ASSIGNMENT: Find "for first debate" and "Visit Our booth" in the records below. Copy the lines holding them and every line between, exactly, and no others.
BEGIN AVAILABLE DATA
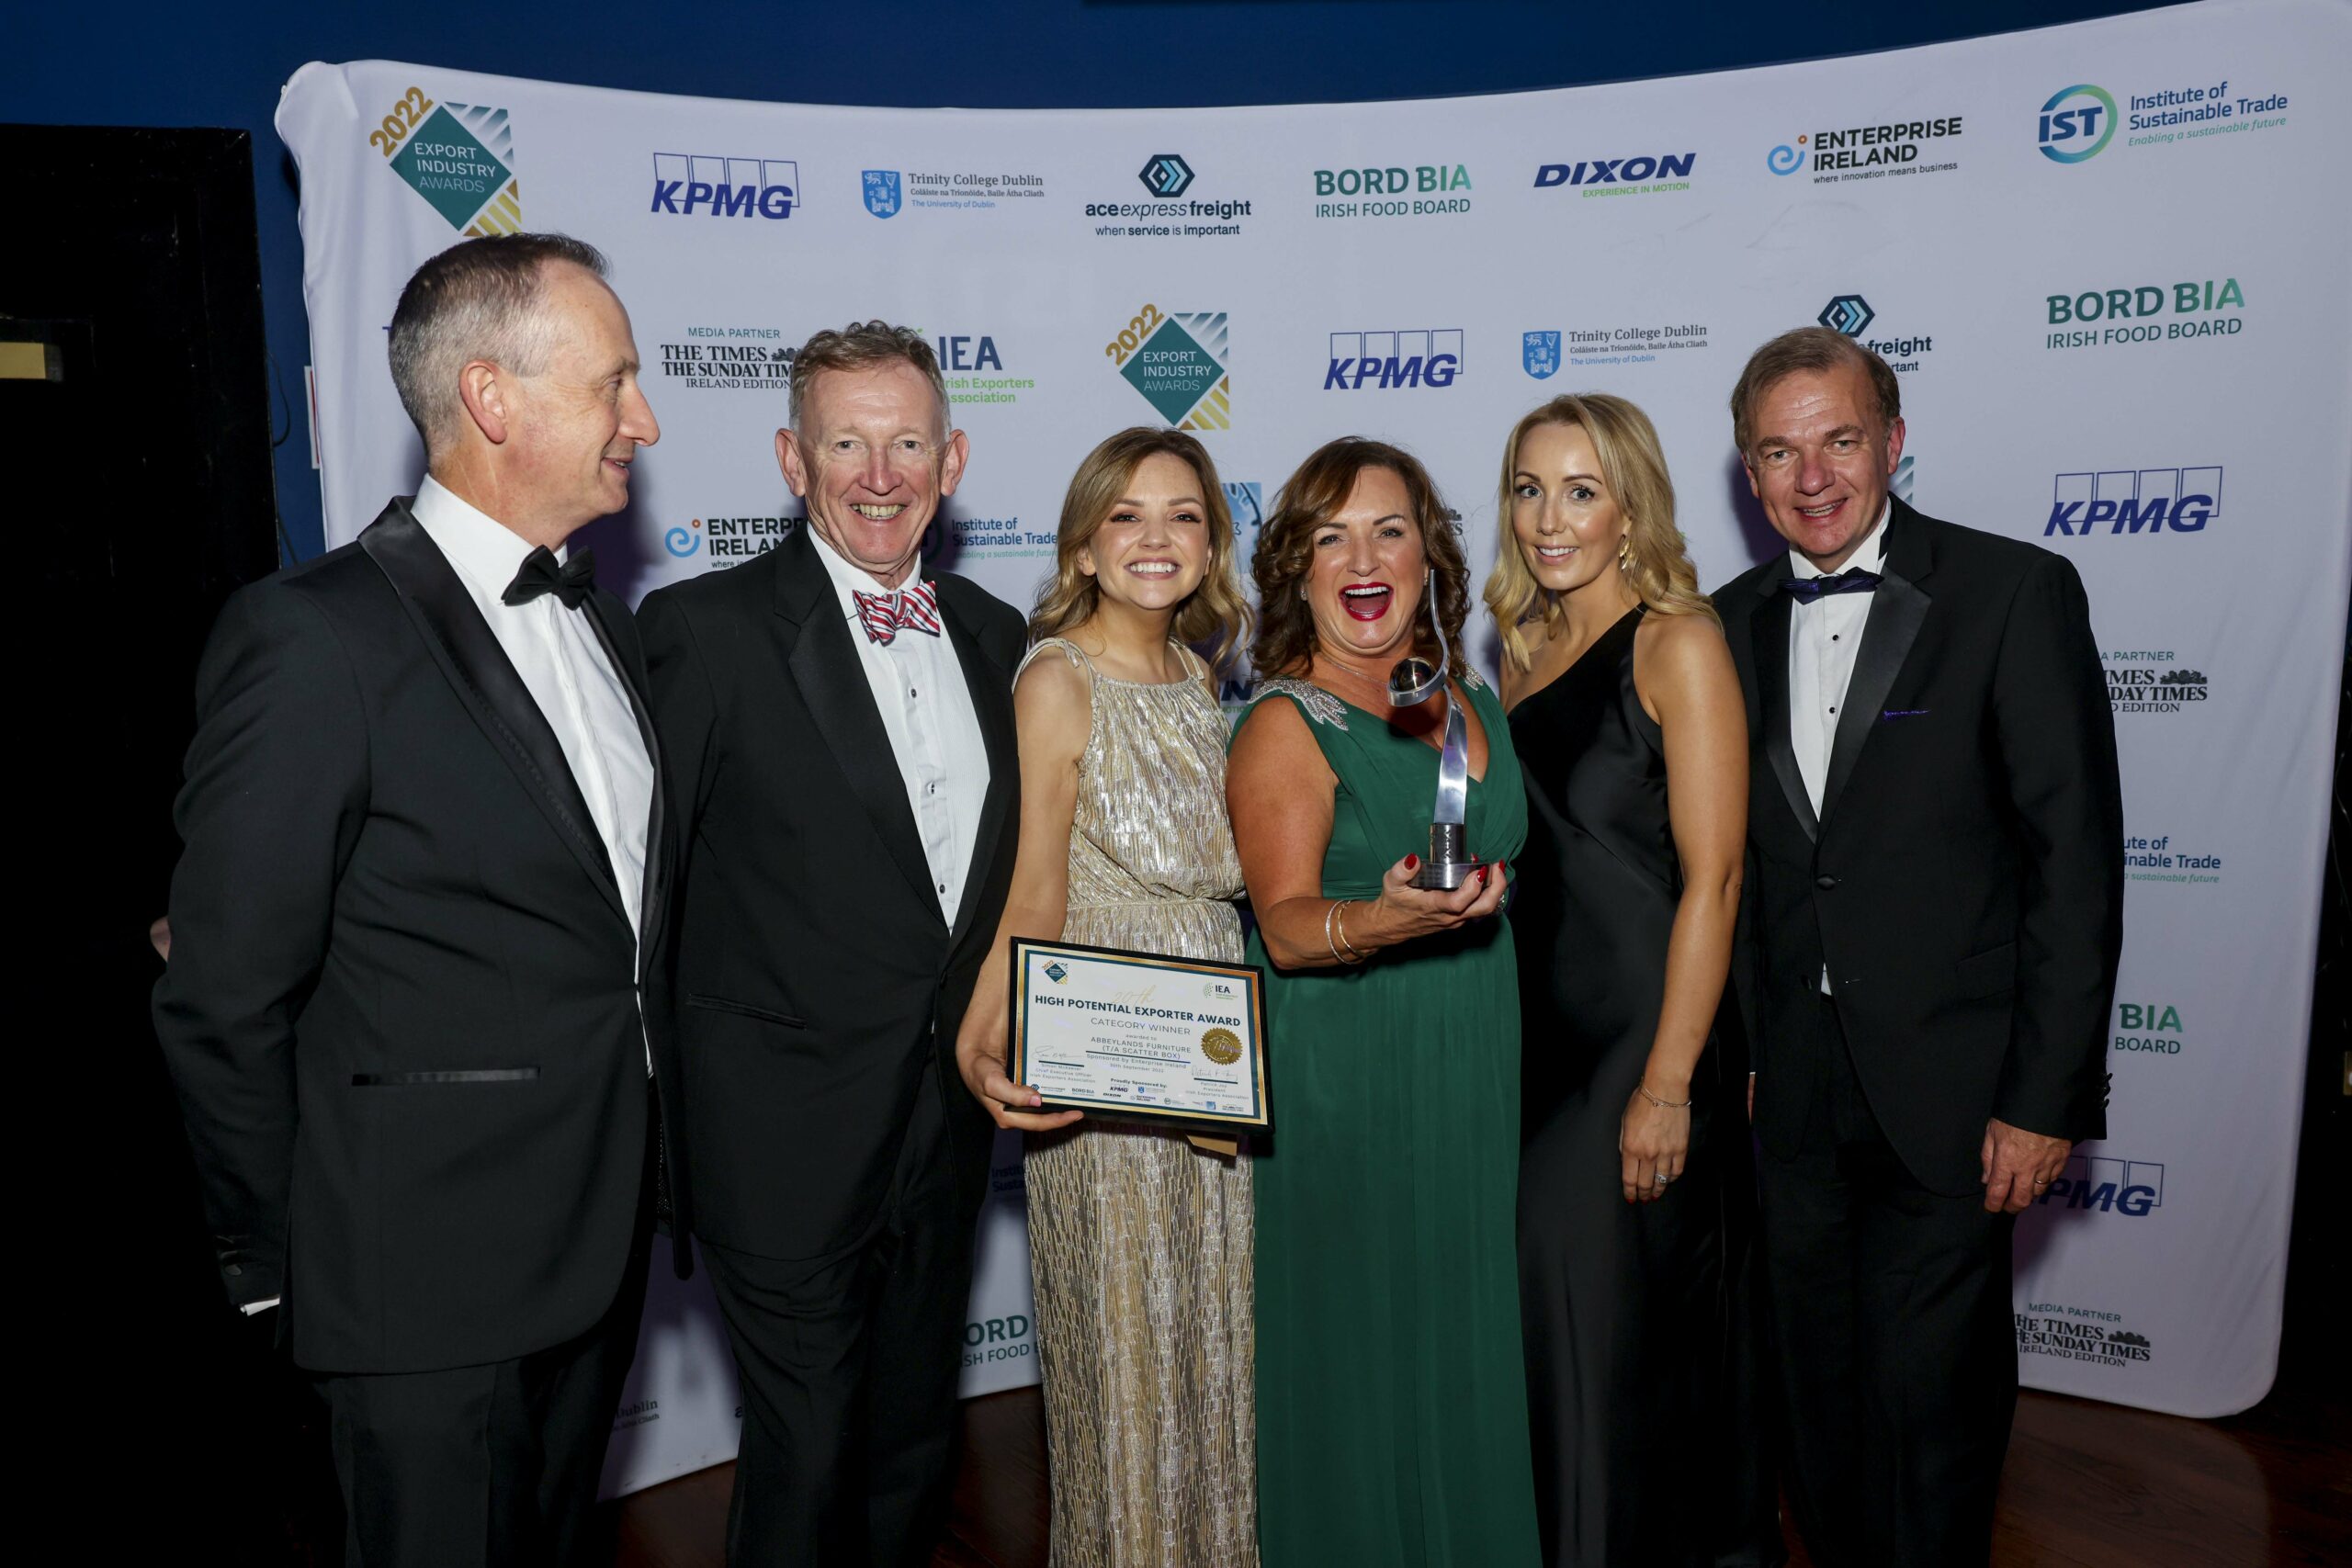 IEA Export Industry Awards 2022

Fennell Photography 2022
END AVAILABLE DATA
BEGIN AVAILABLE DATA
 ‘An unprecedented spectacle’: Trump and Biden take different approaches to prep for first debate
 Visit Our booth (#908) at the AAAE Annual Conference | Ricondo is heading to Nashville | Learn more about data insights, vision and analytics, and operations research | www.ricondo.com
END AVAILABLE DATA
BEGIN AVAILABLE DATA
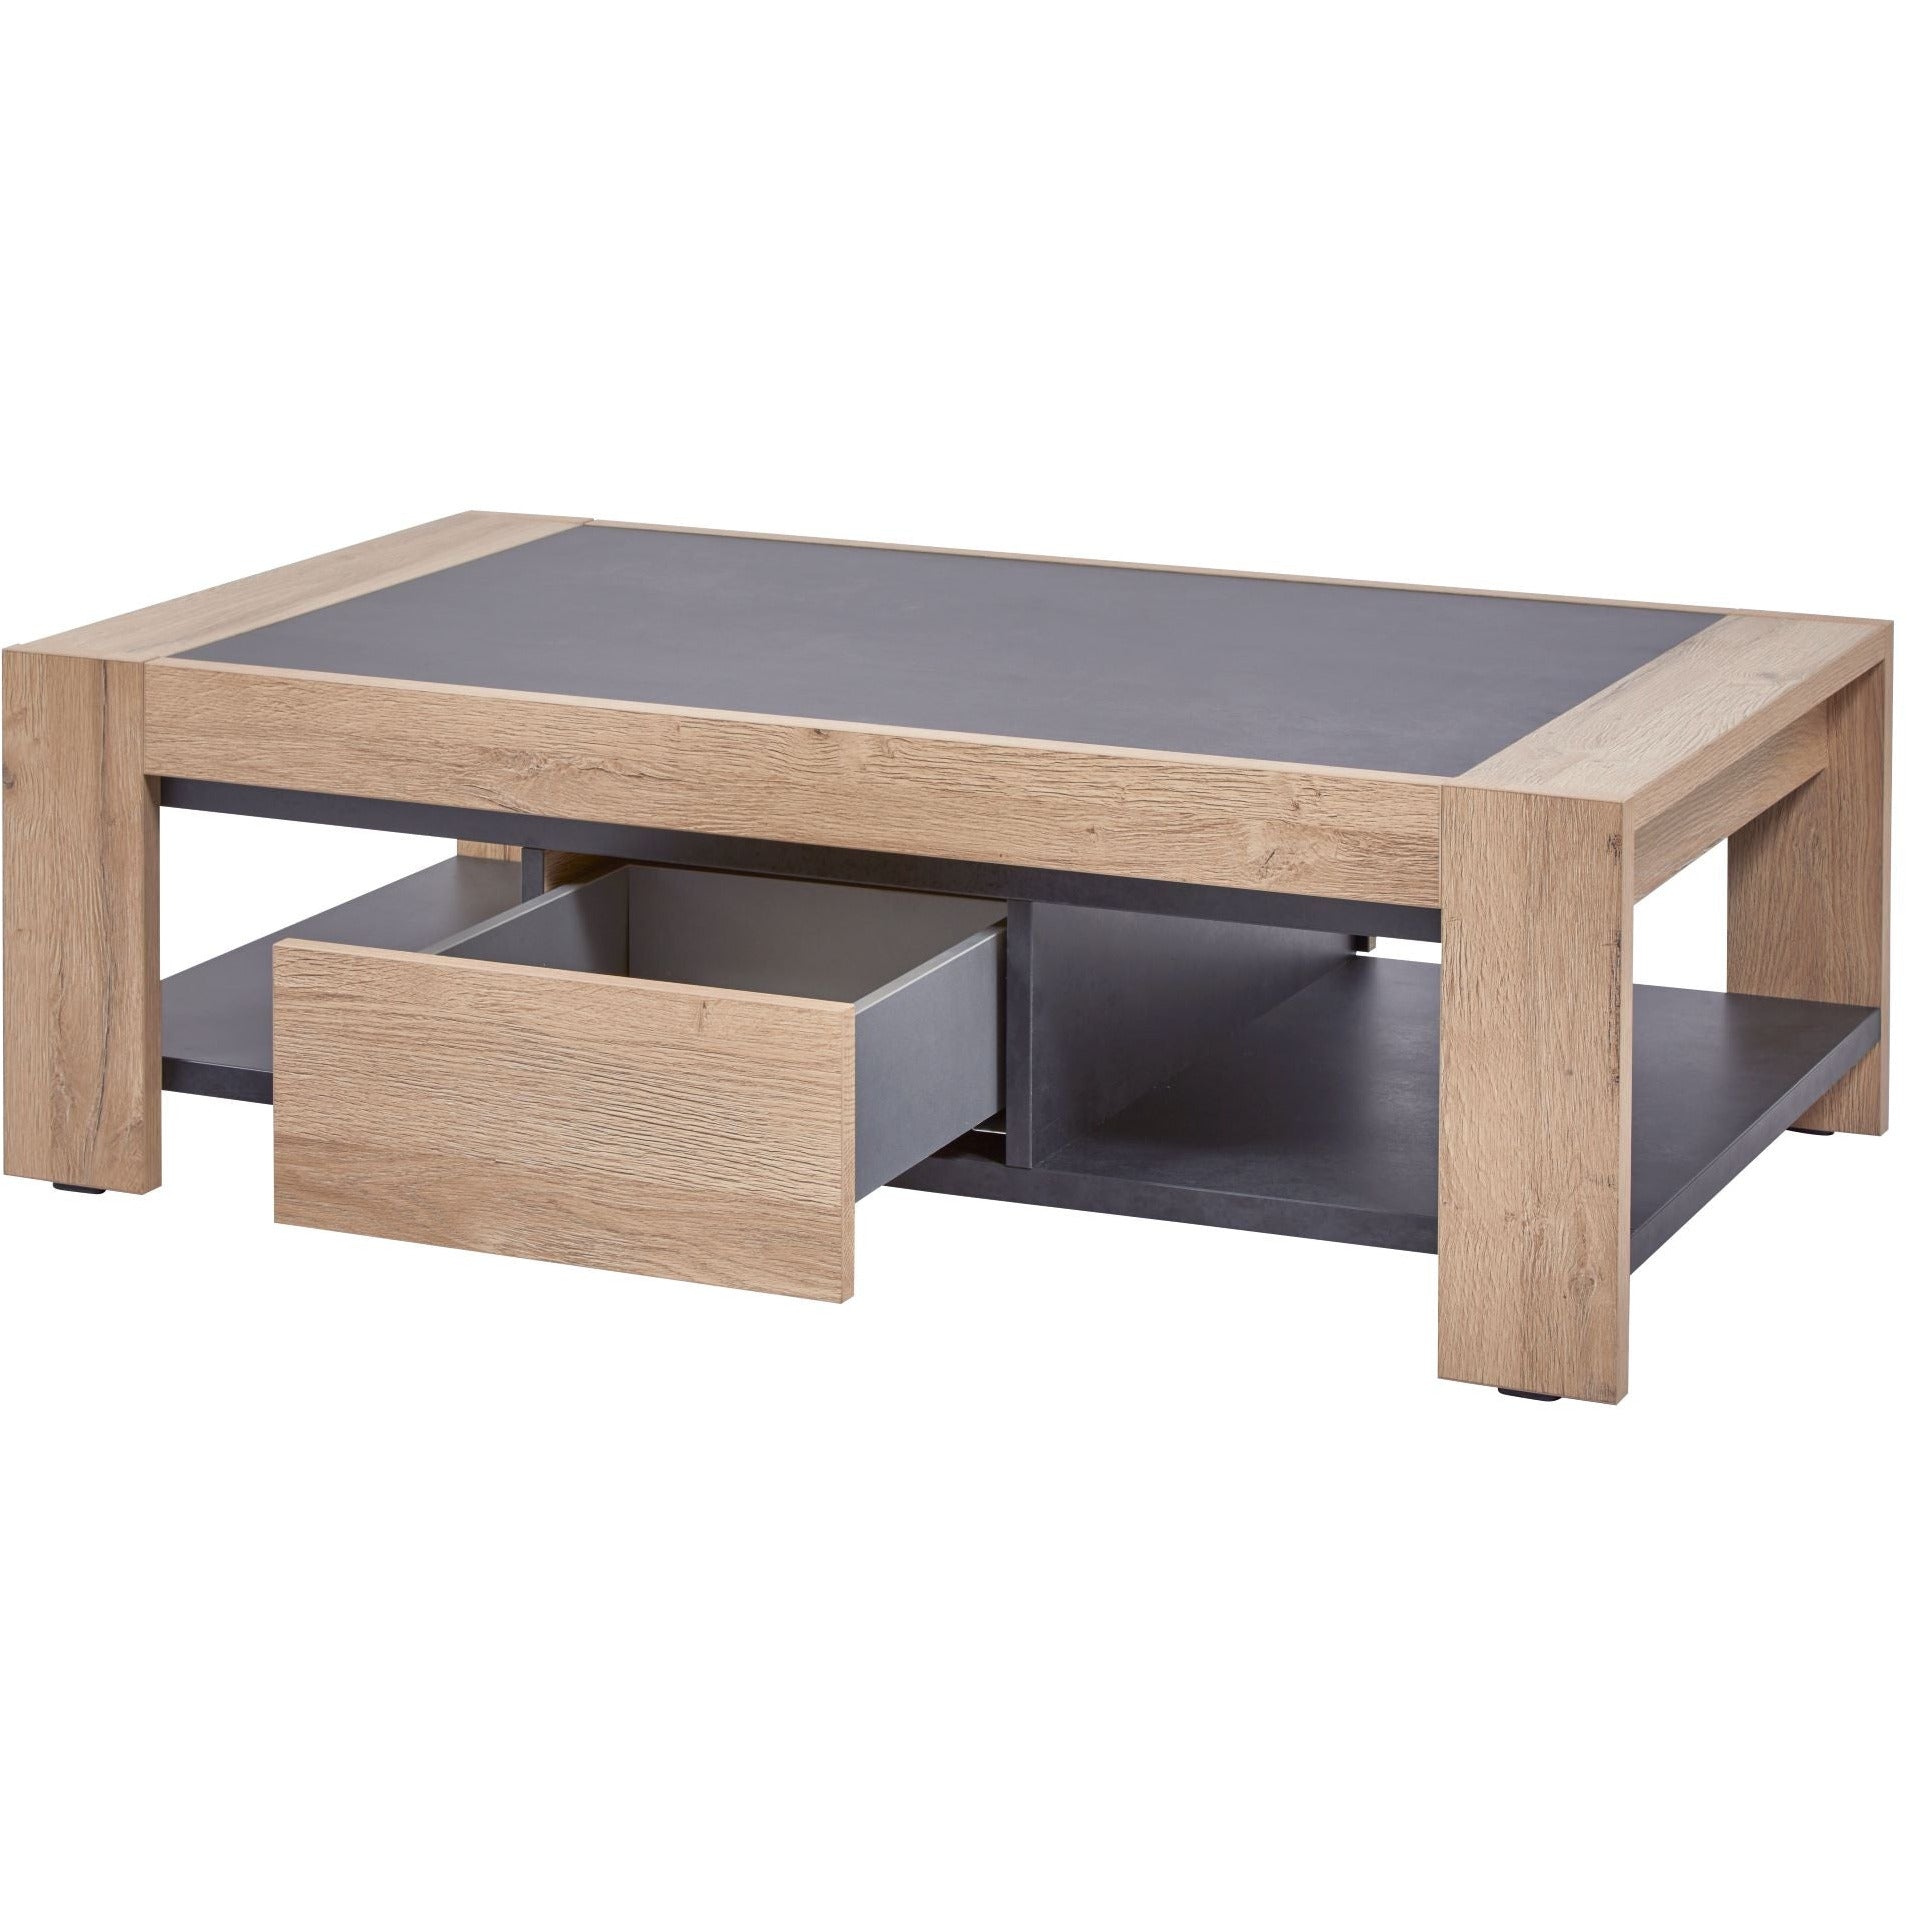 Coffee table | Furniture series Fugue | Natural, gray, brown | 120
END AVAILABLE DATA
RESPONSE AREA:
 ‘An unprecedented spectacle’: Trump and Biden take different approaches to prep for first debate
 Visit Our booth (#908) at the AAAE Annual Conference | Ricondo is heading to Nashville | Learn more about data insights, vision and analytics, and operations research | www.ricondo.com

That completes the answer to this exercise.